■ Your assignment: Lines before the one containing "Appartamento Firenze - Porta" are excluded; print that line and every line after it through the end of the material below, exactly.

■ Exercise input:
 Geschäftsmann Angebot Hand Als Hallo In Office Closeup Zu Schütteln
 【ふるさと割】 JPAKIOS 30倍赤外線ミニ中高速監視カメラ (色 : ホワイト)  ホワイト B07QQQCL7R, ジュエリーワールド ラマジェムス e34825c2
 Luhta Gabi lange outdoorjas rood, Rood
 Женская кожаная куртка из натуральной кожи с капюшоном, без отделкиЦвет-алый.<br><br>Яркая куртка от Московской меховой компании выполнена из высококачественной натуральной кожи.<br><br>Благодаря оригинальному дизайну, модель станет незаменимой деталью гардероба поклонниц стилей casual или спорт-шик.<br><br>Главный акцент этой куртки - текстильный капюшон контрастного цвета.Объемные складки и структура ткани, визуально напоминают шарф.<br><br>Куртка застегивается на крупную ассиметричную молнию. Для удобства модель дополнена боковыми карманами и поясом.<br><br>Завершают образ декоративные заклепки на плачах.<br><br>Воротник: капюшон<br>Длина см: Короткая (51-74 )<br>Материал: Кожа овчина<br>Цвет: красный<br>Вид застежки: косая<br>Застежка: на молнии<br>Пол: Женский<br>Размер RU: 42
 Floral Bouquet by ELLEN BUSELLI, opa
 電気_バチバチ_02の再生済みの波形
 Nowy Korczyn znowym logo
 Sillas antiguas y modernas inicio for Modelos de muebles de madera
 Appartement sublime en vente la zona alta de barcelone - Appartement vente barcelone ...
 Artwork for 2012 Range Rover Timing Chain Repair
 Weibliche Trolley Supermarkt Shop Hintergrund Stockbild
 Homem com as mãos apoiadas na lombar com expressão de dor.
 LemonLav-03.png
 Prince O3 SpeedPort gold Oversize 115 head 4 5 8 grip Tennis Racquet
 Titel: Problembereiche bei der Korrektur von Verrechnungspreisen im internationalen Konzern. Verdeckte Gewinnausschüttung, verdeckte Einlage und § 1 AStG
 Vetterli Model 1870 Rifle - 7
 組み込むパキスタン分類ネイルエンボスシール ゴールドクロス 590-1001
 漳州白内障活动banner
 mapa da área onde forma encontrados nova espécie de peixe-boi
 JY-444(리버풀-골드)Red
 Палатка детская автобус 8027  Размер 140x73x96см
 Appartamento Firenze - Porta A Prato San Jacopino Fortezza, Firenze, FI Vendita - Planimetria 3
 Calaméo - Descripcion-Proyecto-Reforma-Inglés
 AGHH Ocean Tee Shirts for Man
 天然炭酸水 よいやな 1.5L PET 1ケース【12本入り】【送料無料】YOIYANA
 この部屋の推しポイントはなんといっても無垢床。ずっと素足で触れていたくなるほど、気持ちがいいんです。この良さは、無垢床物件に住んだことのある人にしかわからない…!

■ Task output:
 Appartamento Firenze - Porta A Prato San Jacopino Fortezza, Firenze, FI Vendita - Planimetria 3
 Calaméo - Descripcion-Proyecto-Reforma-Inglés
 AGHH Ocean Tee Shirts for Man
 天然炭酸水 よいやな 1.5L PET 1ケース【12本入り】【送料無料】YOIYANA
 この部屋の推しポイントはなんといっても無垢床。ずっと素足で触れていたくなるほど、気持ちがいいんです。この良さは、無垢床物件に住んだことのある人にしかわからない…!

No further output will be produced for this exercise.